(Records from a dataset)
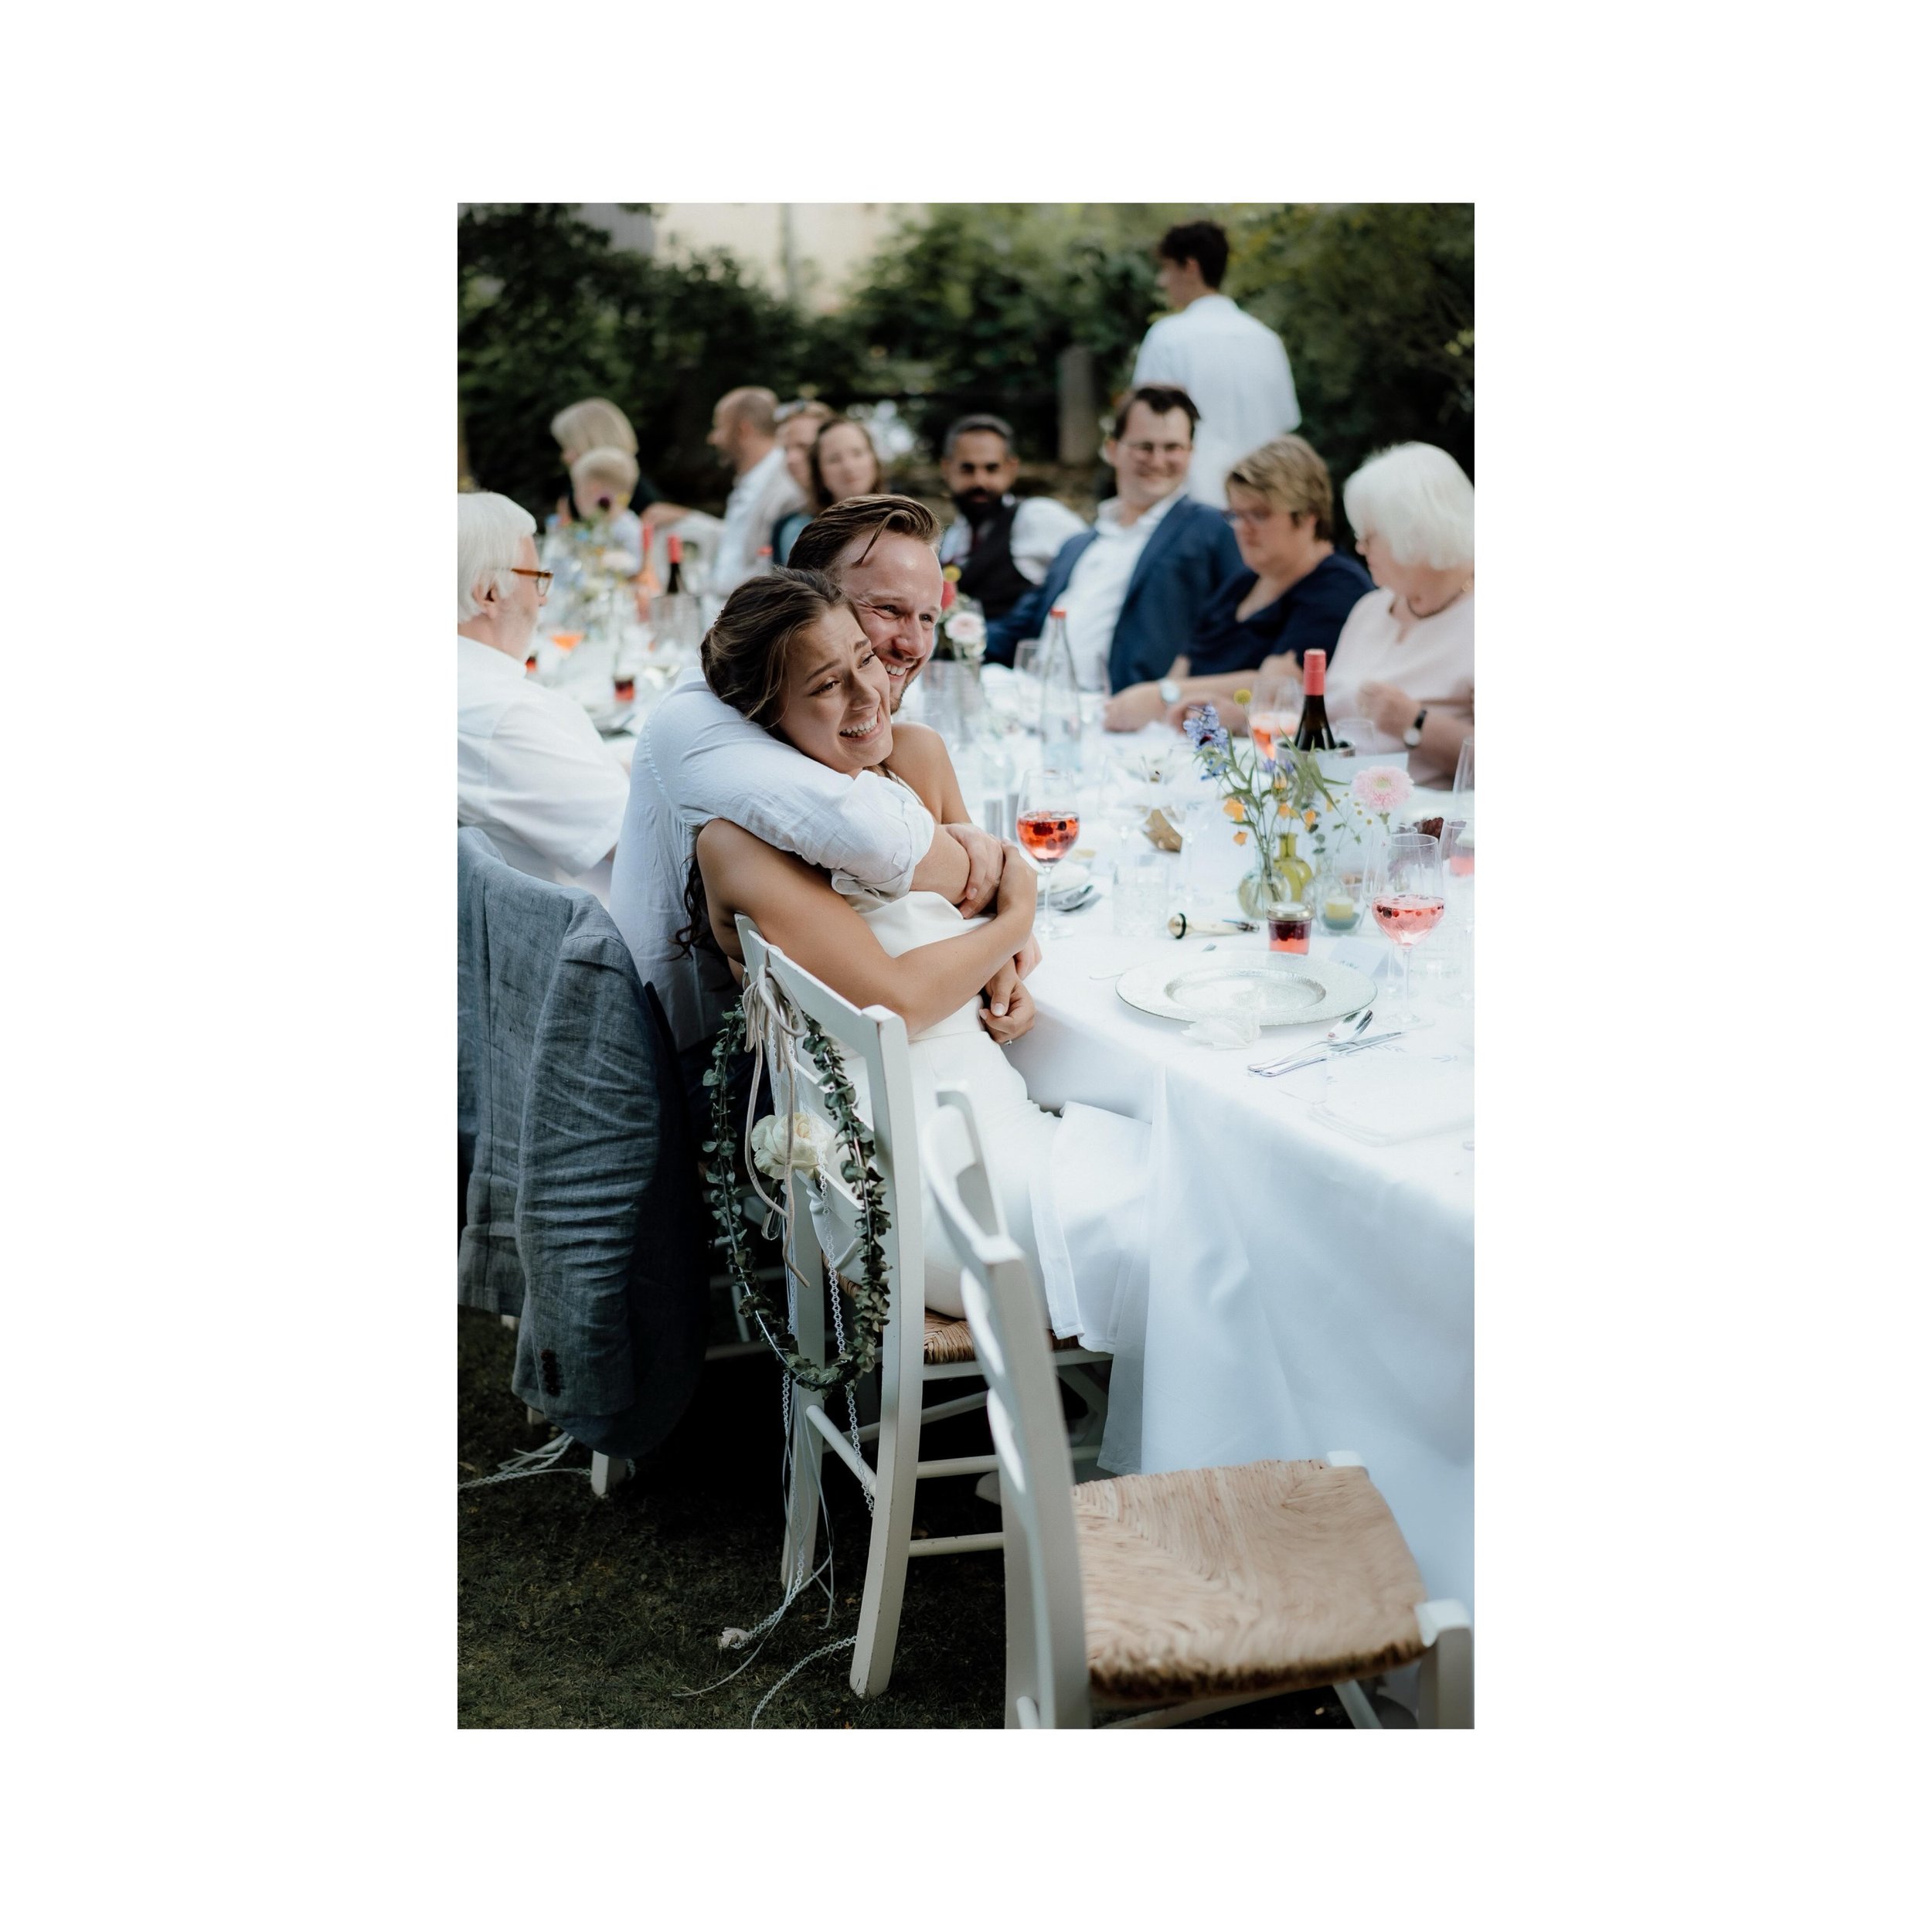 &mdash; Summer Wedding at @boudierkoeller

_____

www.sylvischaffrath.com

&mdash;&mdash;&mdash;

#sylvischaffrath #europeanweddingphotographer #destinationweddingphotographer #italyweddingphotographer #tuscanyweddingphotographer #franceweddingphotog

Exercise description –
Look through the records for the string "sylvischaffrath". Copy every line that has it.

Result –
www.sylvischaffrath.com
#sylvischaffrath #europeanweddingphotographer #destinationweddingphotographer #italyweddingphotographer #tuscanyweddingphotographer #franceweddingphotog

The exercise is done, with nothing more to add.